Page MenuHomePhabricator

Using envoy to connect from MediaWiki to restbase causes an explosion of live LVS connections.
Closed, ResolvedPublic

Description

Yesterday we activated using envoy to connect to restbase from MediaWiki.

For some reason, the backend connections from LVS went from ~ 100 per backend in normal conditions to 2000 per backend, and rising.

Everything was ok on every side of the change, but for some reason I could see envoy keeping 100s of connections active to the upstream envoy on restbase.

We need to figure out why this is happening, but at the same time, we have three relatively simple ways out of this:

  • Just switch mediawiki to use https for the calls to restbase directly, without envoy
  • Reduce radically the life of a connection on the mw envoy side. Like reducing the idle timeout for a connection to 1 second
  • Start working on using file-based xDS and move away from using LVS between services, by figuring out how to define the upstream cluster.

I'm quite interested on working on the last option, but that's a sizeable amount of work to do.

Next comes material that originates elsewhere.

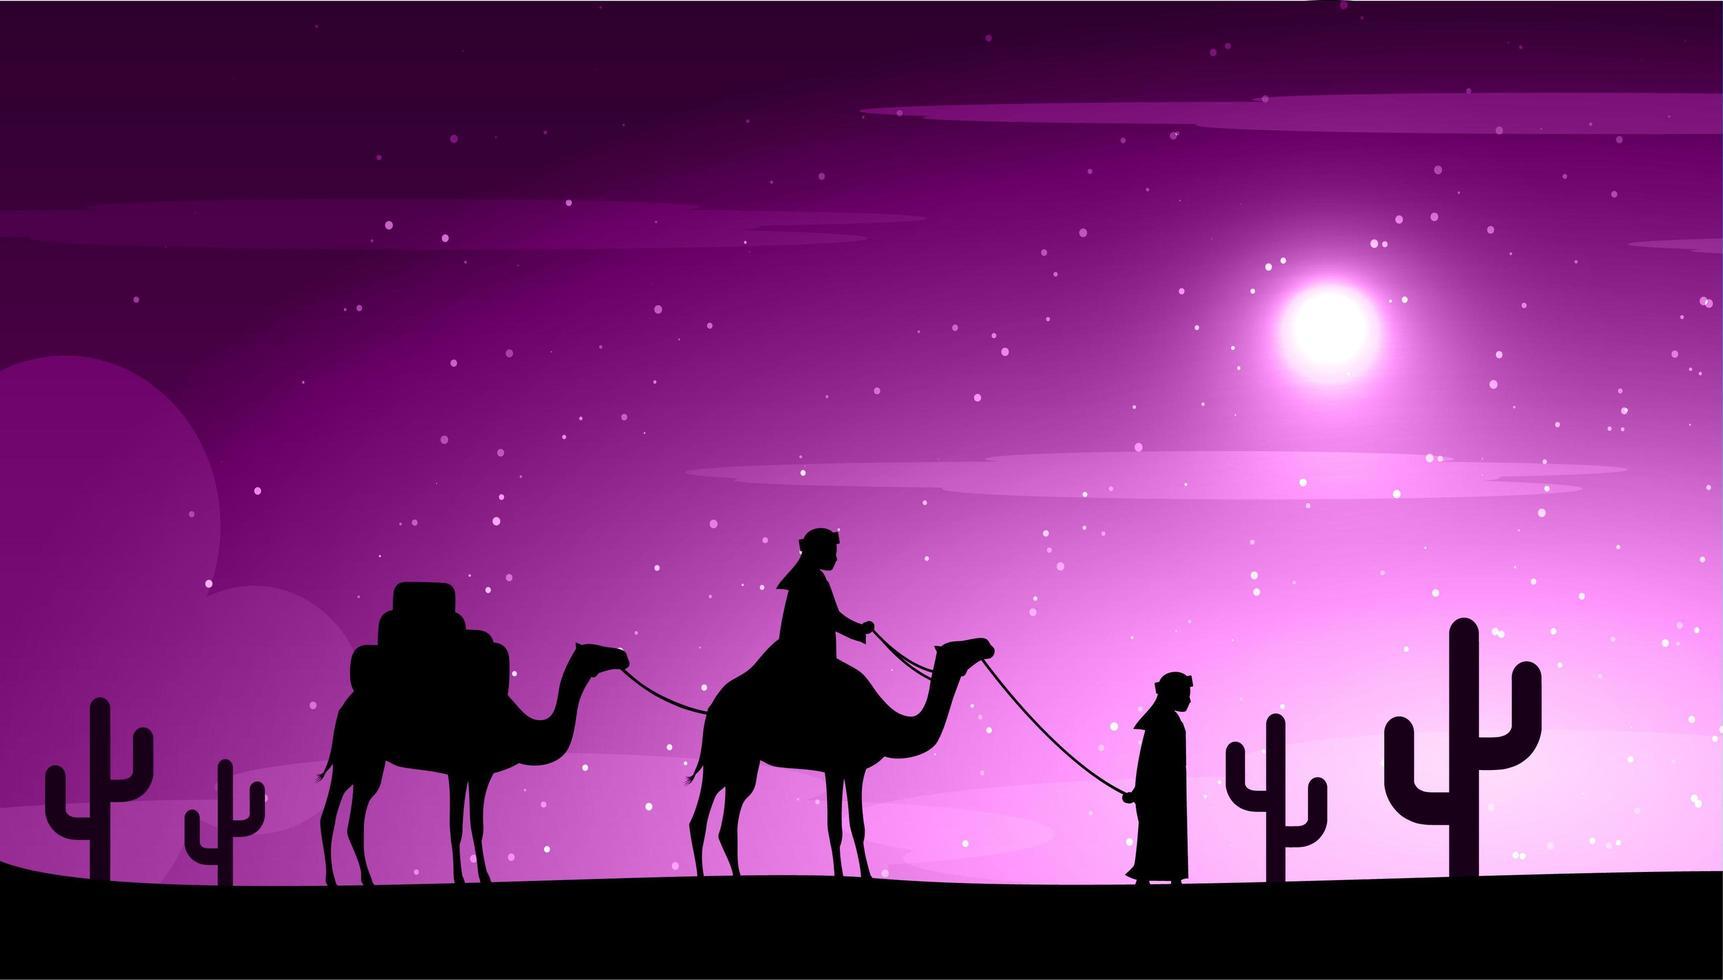 camelos no deserto à noite sob a lua vetor

I'd like someone to spend time figuring out why this thing is happening first.

Event Timeline

Joe triaged this task as High priority.Oct 30 2020, 9:34 AM
Joe added a subscriber: JMeybohm.

Mentioned in SAL (#wikimedia-operations) [2021-02-17T10:13:23Z] <_joe_> depooling mw1331 to perform some tests for T266855

First observation I can make is that most requests are done by the math extension, and usually go in pairs:

  • A POST request to /v1/media/math/check/tex
  • A GET request for /v1/media/math/render/mml/<hash>

Large pages with a lot of math formulas can require up to ~ 100s of such urls in parallel (AIUI, will need to confirm from the code), so envoy allocates 100s of connections to accomodate for those.

Somehow though those connections never get closed because of idle timeout or anything.

A solution that surely works is to reduce the connections to be non-permanent, which is non-ideal, though.

Same effect was observed by adding an idle_timeout (which we don't usually add here, but has in practice more or less the same effect as removing persistent connections).

I am tempted to solve the issue "temporarily" by just adding an idle_timeout for now, and delegate the next level of fixes to future work introducing circuit breaking, or to let the problem solve itself if we finally manage to get away from using static resources and load-balancers.

Change 664791 had a related patch set uploaded (by Giuseppe Lavagetto; owner: Giuseppe Lavagetto):
[operations/puppet@production] P:services_proxy::envoy: add keepalive to restbase-https

https://gerrit.wikimedia.org/r/664791

Change 664655 had a related patch set uploaded (by Giuseppe Lavagetto; owner: Giuseppe Lavagetto):
[operations/mediawiki-config@master] Revert "Revert "Switch restbase calls to be channeled via envoy""

https://gerrit.wikimedia.org/r/664655

Change 664791 merged by Giuseppe Lavagetto:
[operations/puppet@production] P:services_proxy::envoy: add keepalive to restbase-https

https://gerrit.wikimedia.org/r/664791

Change 664655 merged by jenkins-bot:
[operations/mediawiki-config@master] Revert "Revert "Switch restbase calls to be channeled via envoy""

https://gerrit.wikimedia.org/r/664655